Publisher: Routledge
ISBN: 1000257339
Category : Medical
Languages : en
Pages : 442
Book Description
This book is destined to become a classic in its field. Sidney Sax, Chairman, Ethics Committee, Australian Institute of Health and Welfare, former Director of Health Services, Planning and Research, NSW The whys and hows are clearly and carefully explained for everyone involved in planning health services of all sizes in today's demanding climate. No health planner should go to work without this book. Tony Adams, Professor of Public Health, National Centre for Epidemiology and Population Health, Australian National University Increasing concern about a positive return on investment in health leads to a need to make choices. As a result, skills in planning are increasingly being required of managers, providers and policy makers in health care. Experienced planners and teachers Kathy Eagar, Pamela Garrett and Vivian Lin have written a comprehensive introduction that bridges the theory and practice of health planning. They outline the health policy and planning context, the impact of different resource allocation environments on planning, and explain the processes and the technical skills needed to undertake service, program, corporate, business and facility planning. The authors also explore major challenges facing health planners, including the growing role of market forces in health care, the need to balance equity of access with equity of outcomes, and the tension between planning for population health versus planning for more efficient health care delivery. Illustrated with extensive case studies from both the public and private sectors, Health Planning is an indispensable reference for health professionals and a valuable text for students.
Tabbner's Nursing Care
Author: Gabby Koutoukidis
Publisher: Elsevier Australia
ISBN: 0729541142
Category : Medical
Languages : en
Pages : 1105
Book Description
This text covers a wide range of issues surrounding nursing, midwifery and health visiting. The topics it covers are the structure and functions of the human body, nursing care and nursing needs, care of the individual with a body system disorder, and special aspects of nursing care. This edition written for Australia and NZ students.
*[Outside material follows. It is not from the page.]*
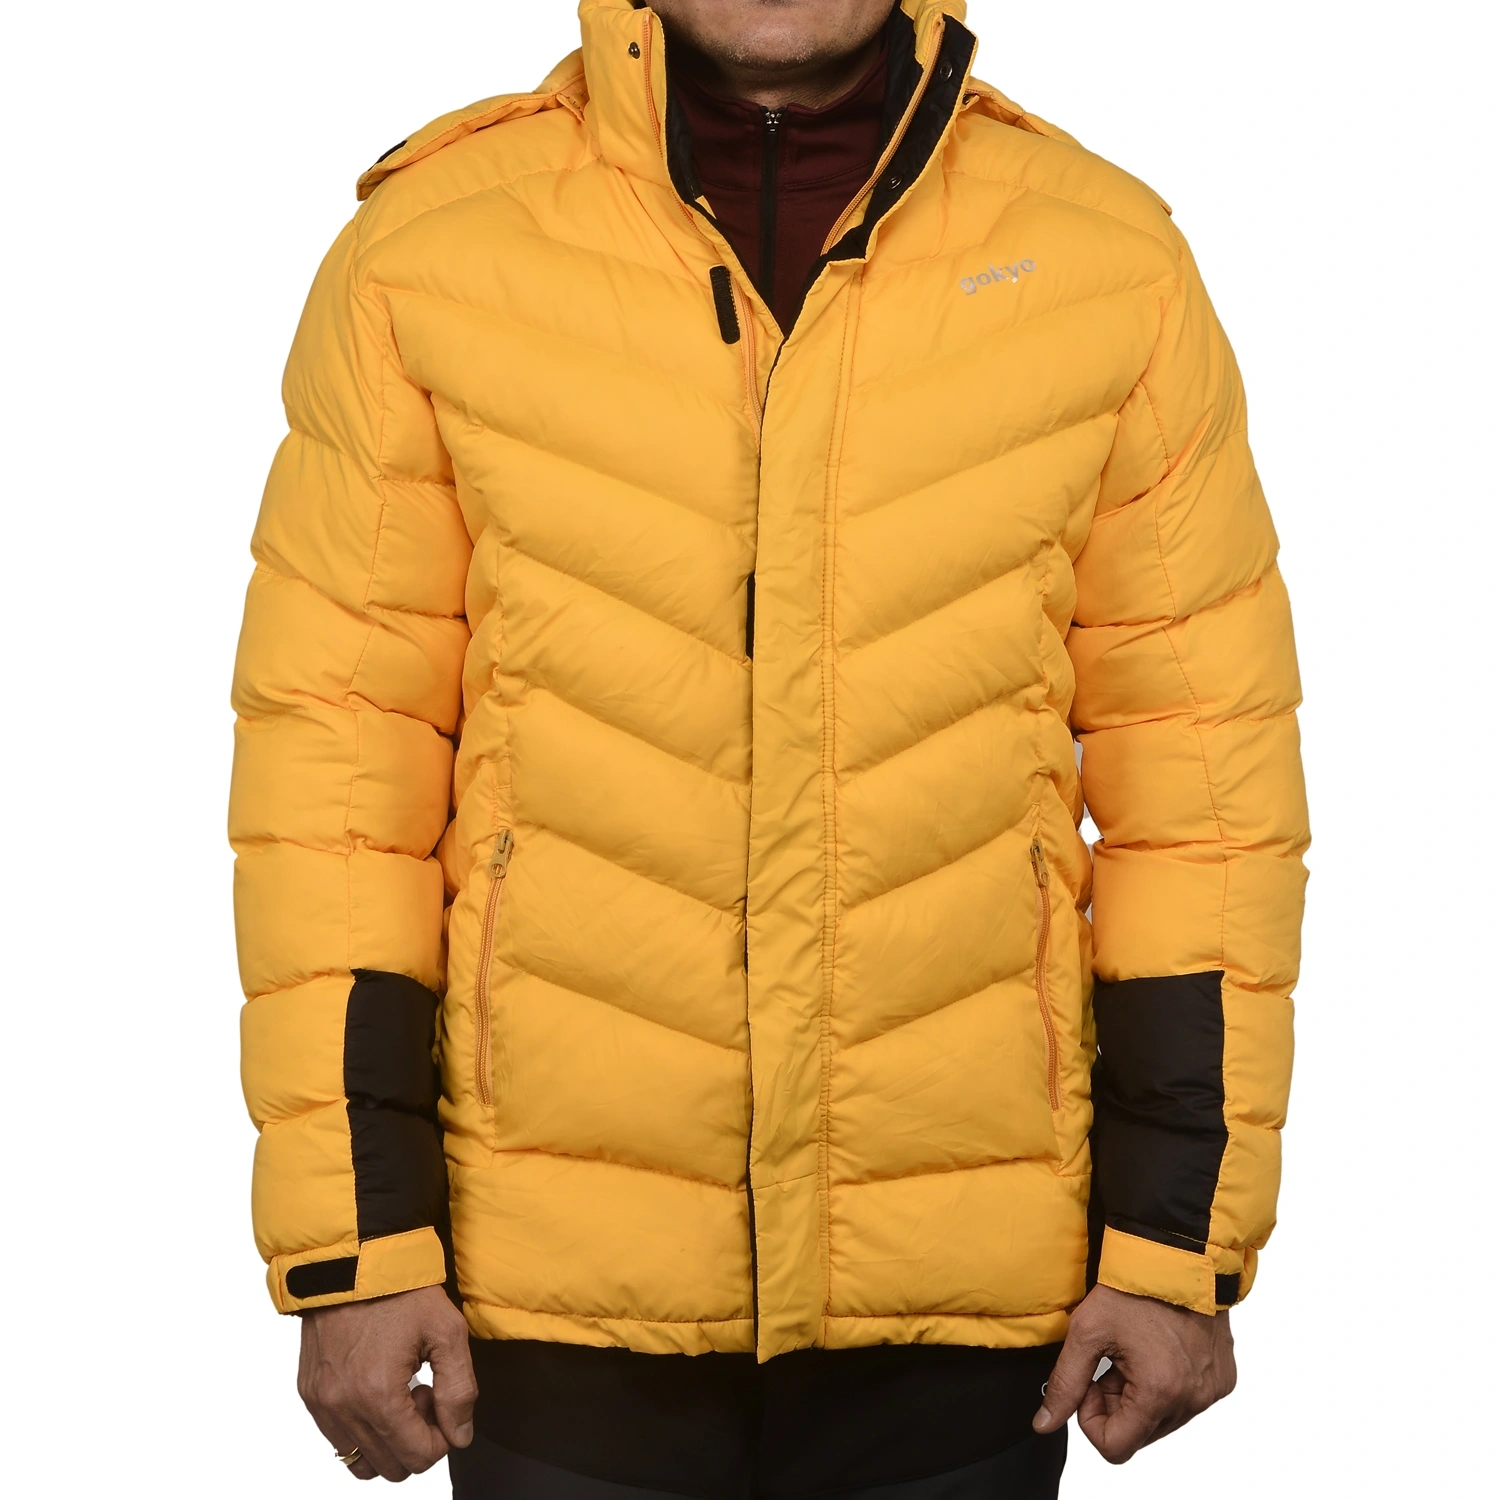 K2 Survivor Down Jacket for Men: Stylized Functionality for Extreme Cold Weather Expeditions (Up to -20°C)-230211

Publisher: Elsevier Australia
ISBN: 0729541142
Category : Medical
Languages : en
Pages : 1105
Book Description
This text covers a wide range of issues surrounding nursing, midwifery and health visiting. The topics it covers are the structure and functions of the human body, nursing care and nursing needs, care of the individual with a body system disorder, and special aspects of nursing care. This edition written for Australia and NZ students.